- Extracted entries -
┄┄┄┄┄┄┄┄┄┄┄┄┄┄┄┄┄┄┄┄

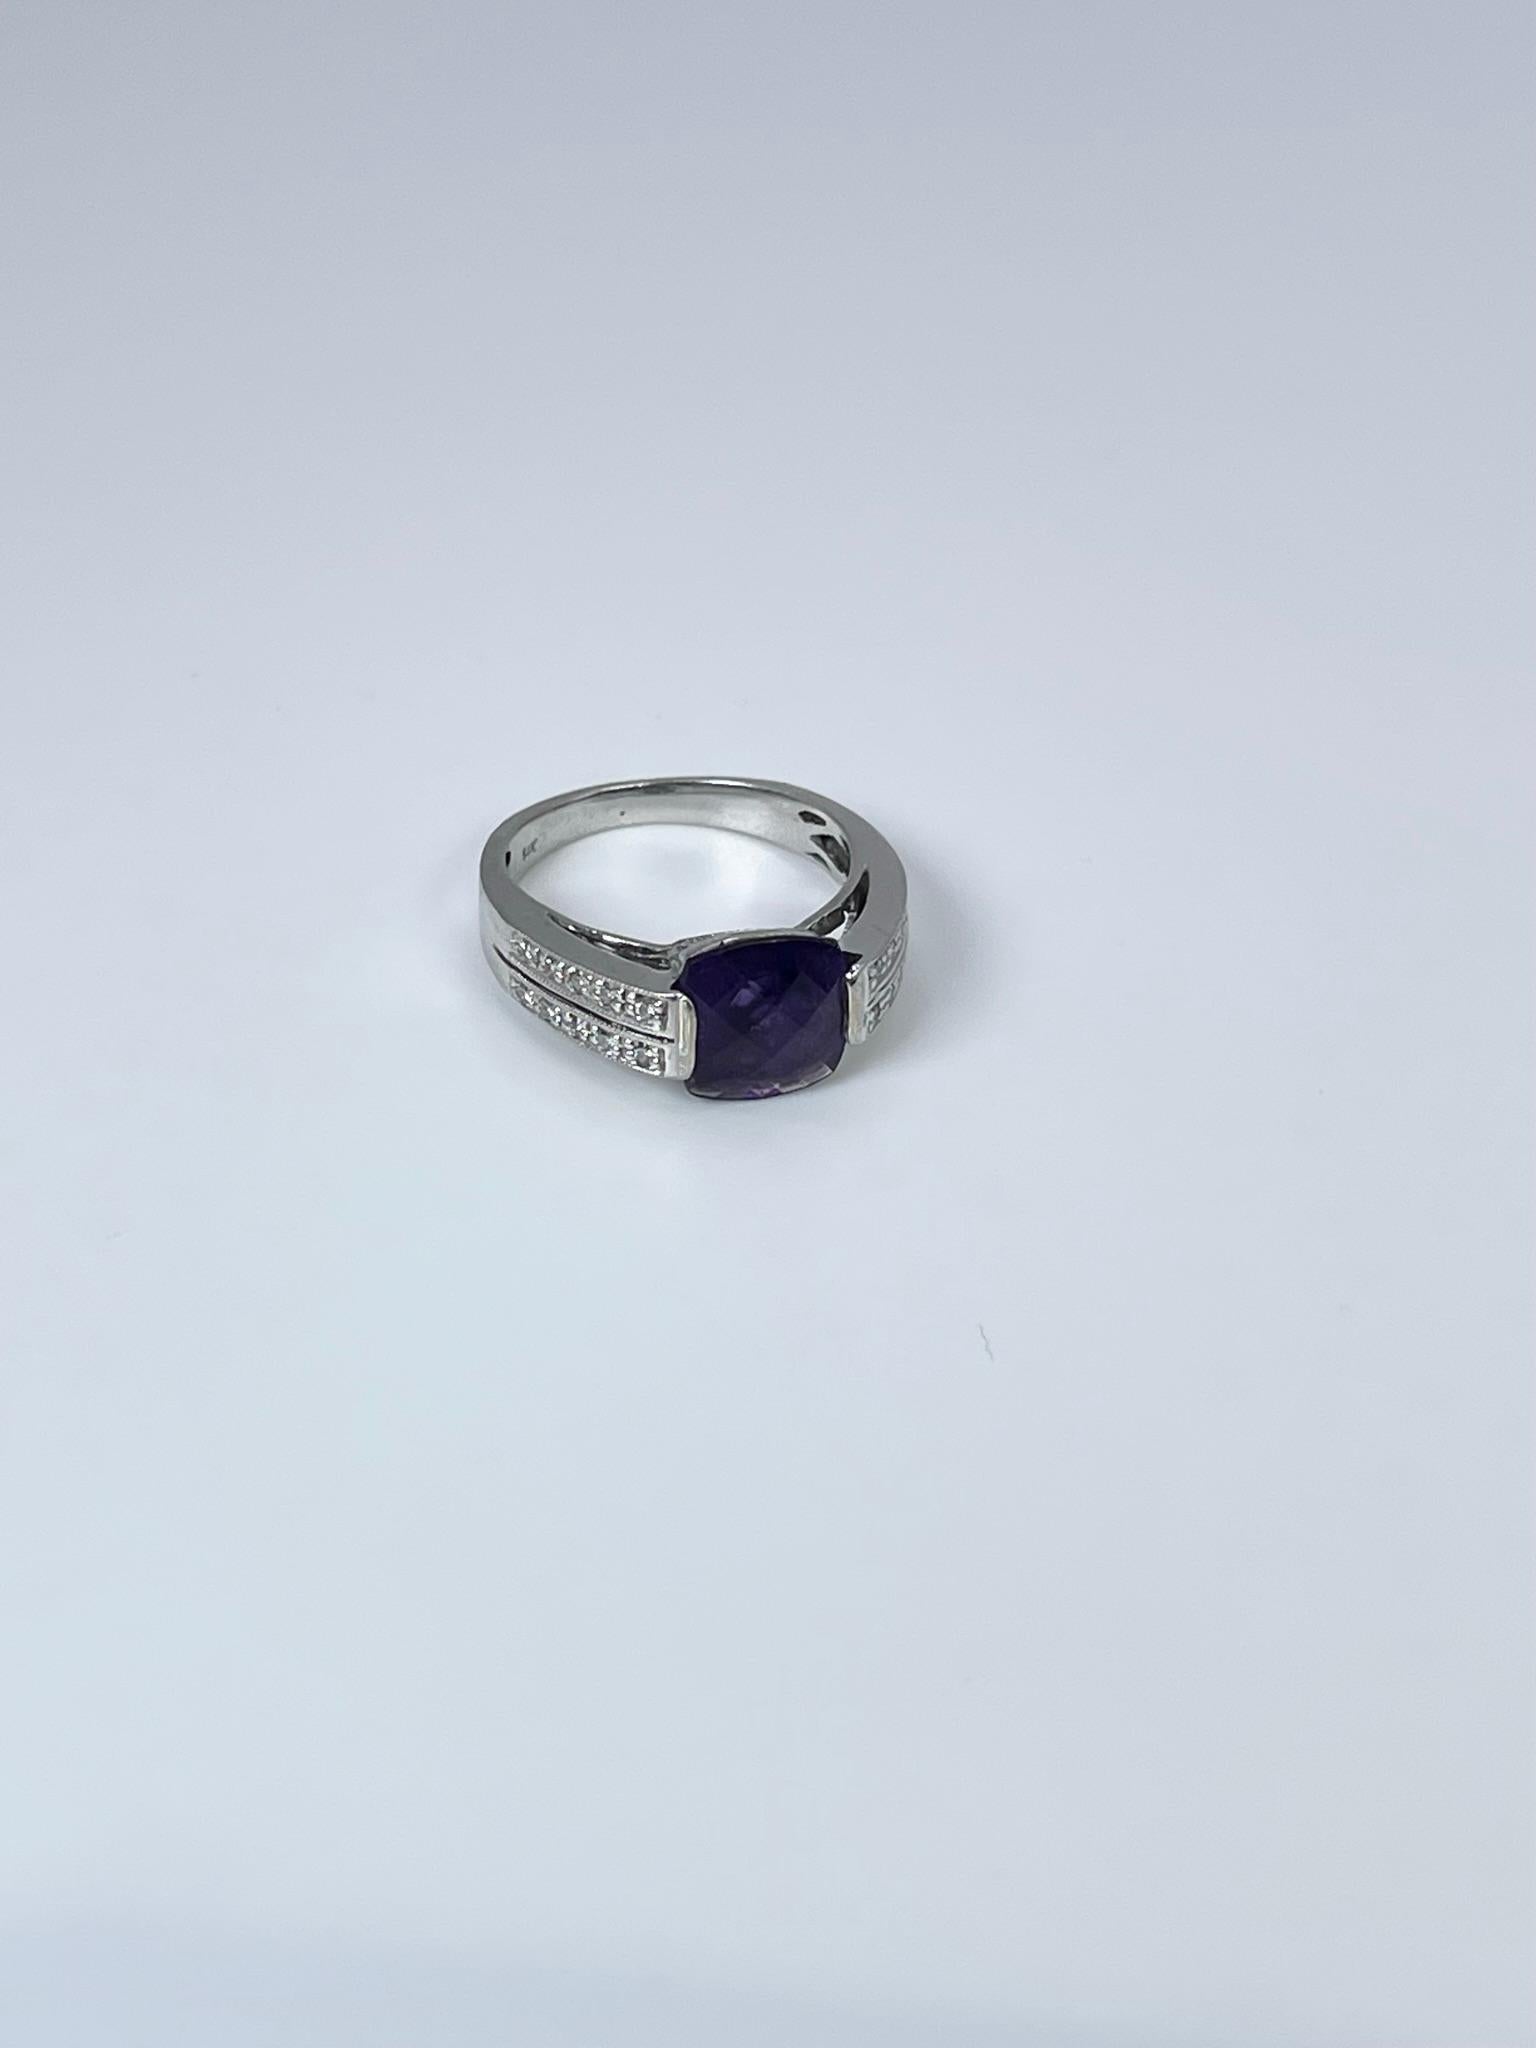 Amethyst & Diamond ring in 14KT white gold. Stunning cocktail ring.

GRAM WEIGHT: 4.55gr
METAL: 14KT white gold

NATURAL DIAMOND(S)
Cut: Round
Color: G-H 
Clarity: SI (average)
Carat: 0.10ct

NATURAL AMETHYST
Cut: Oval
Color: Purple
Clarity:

┄┄┄┄┄┄┄┄┄┄┄┄┄┄┄┄┄┄┄┄

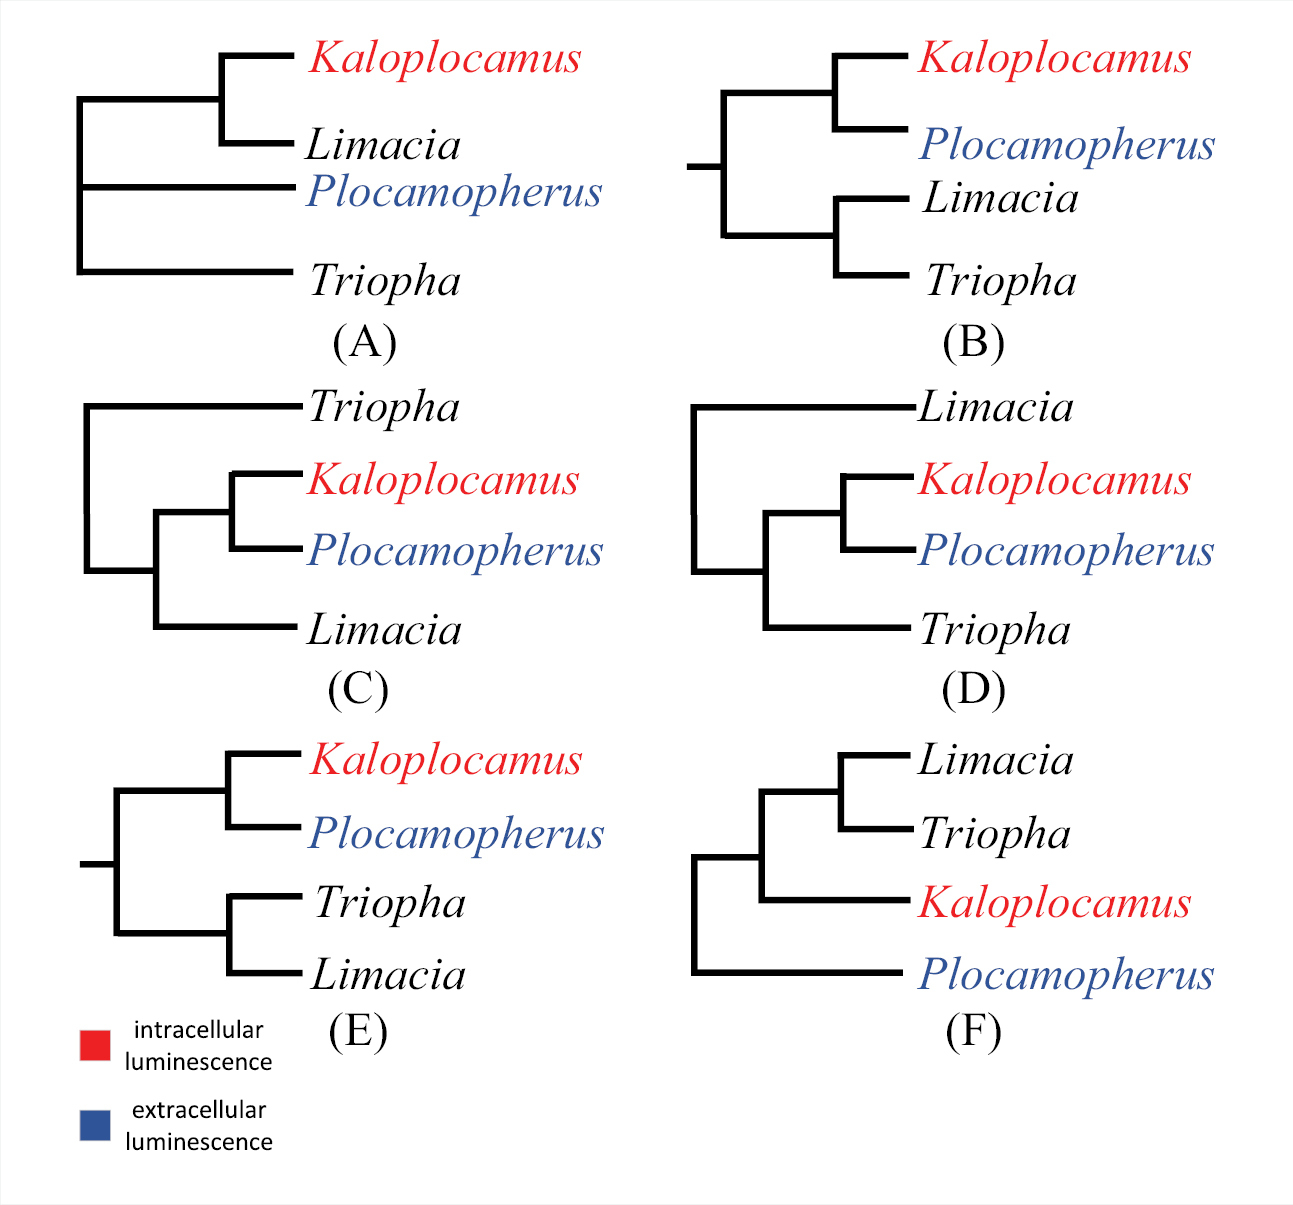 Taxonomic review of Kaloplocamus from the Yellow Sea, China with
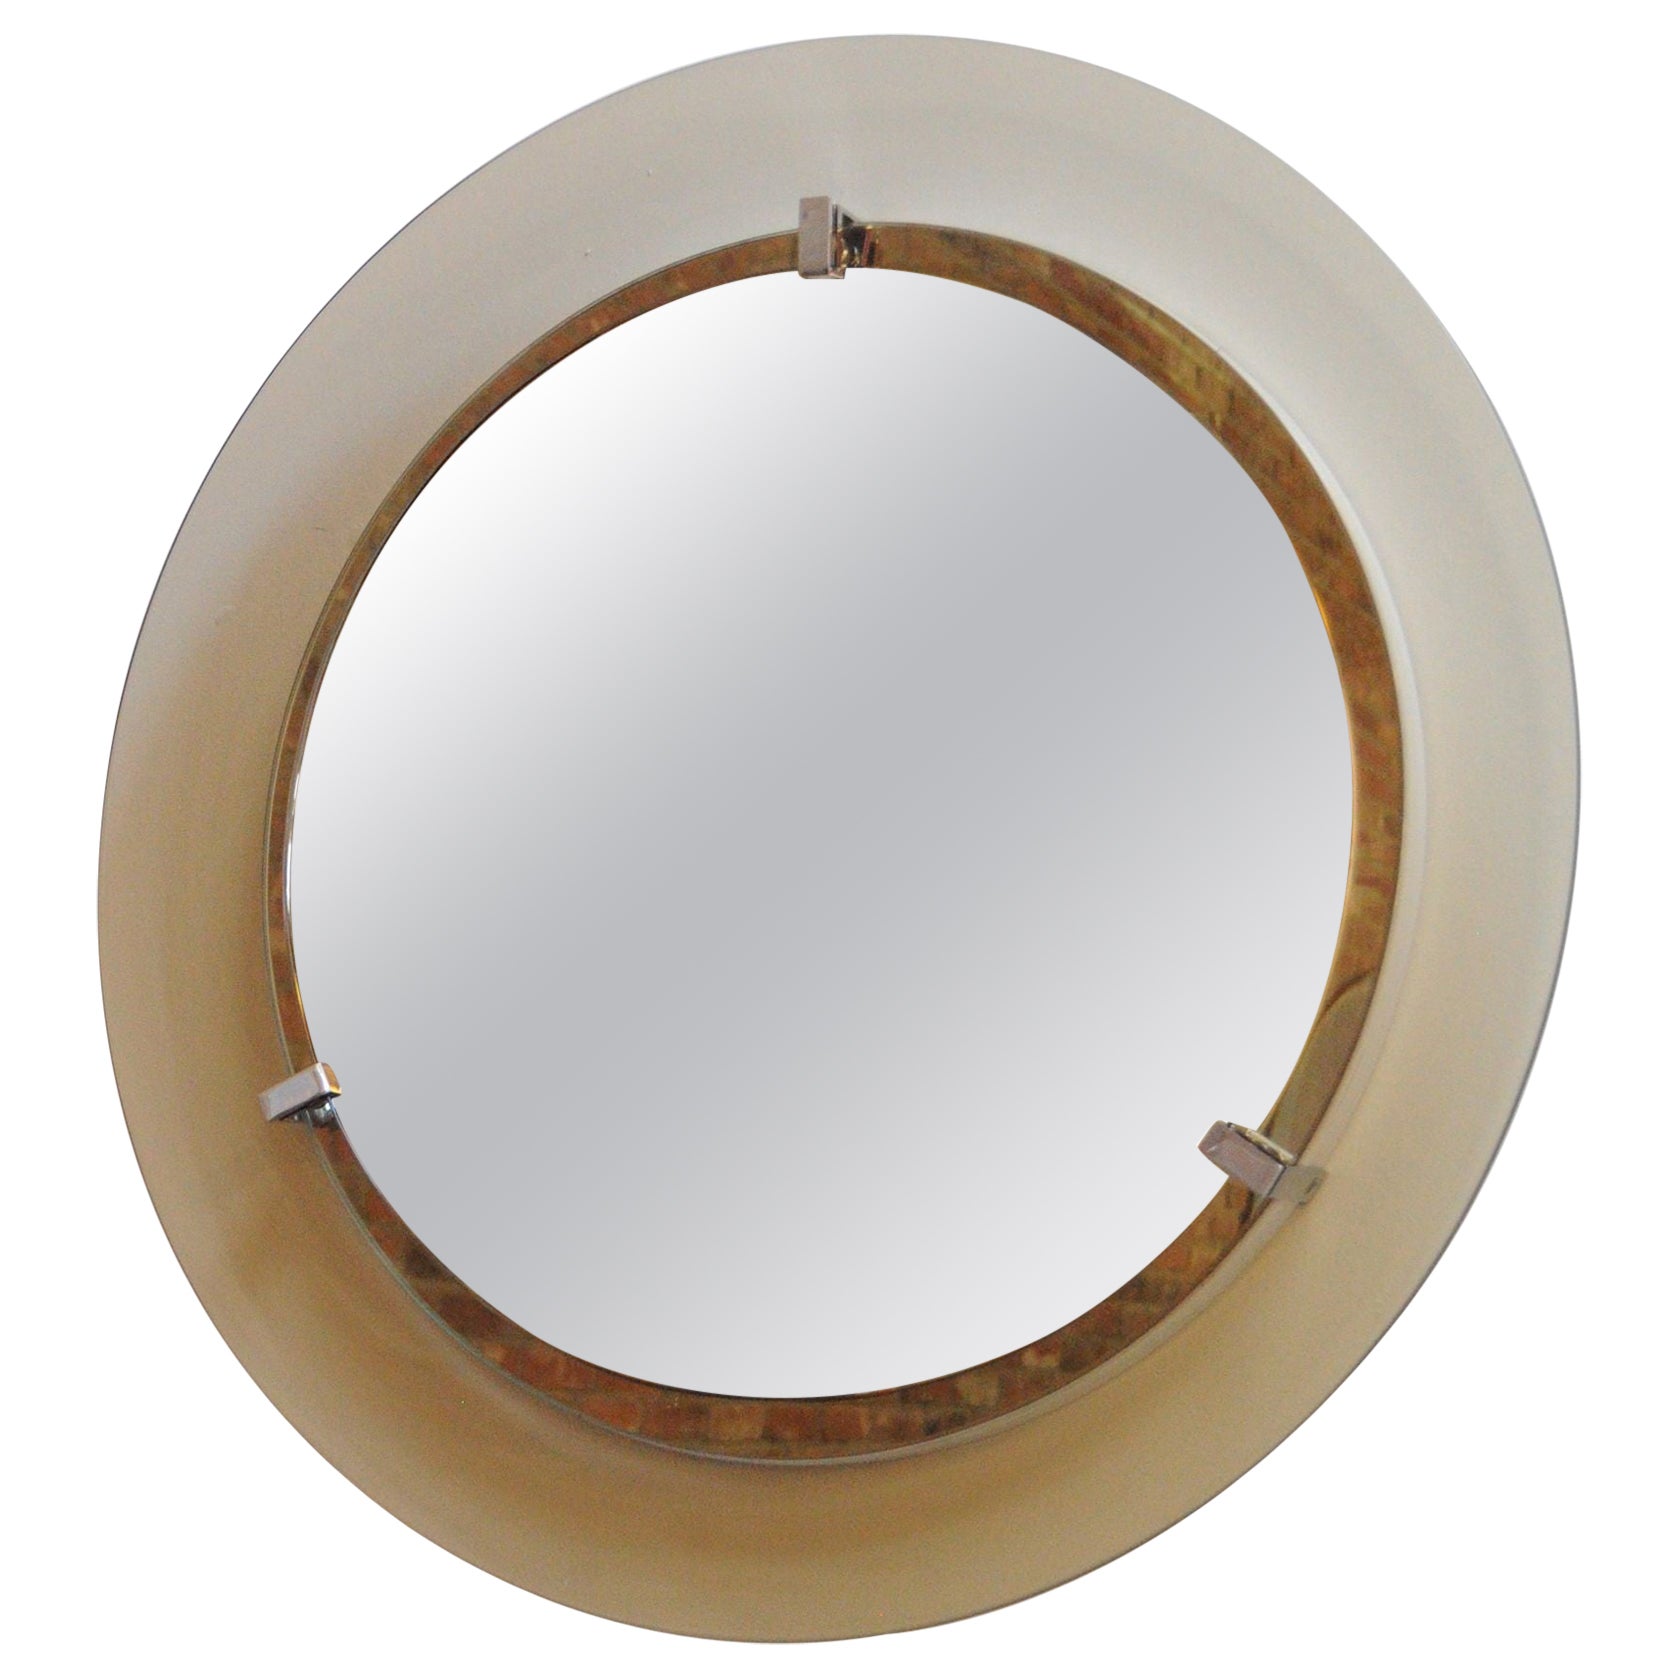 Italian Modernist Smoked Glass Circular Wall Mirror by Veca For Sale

┄┄┄┄┄┄┄┄┄┄┄┄┄┄┄┄┄┄┄┄

- Instructions to follow -
Report every line containing the word "NATURAL" from the listing above.

- Exercise output -
NATURAL DIAMOND(S)
NATURAL AMETHYST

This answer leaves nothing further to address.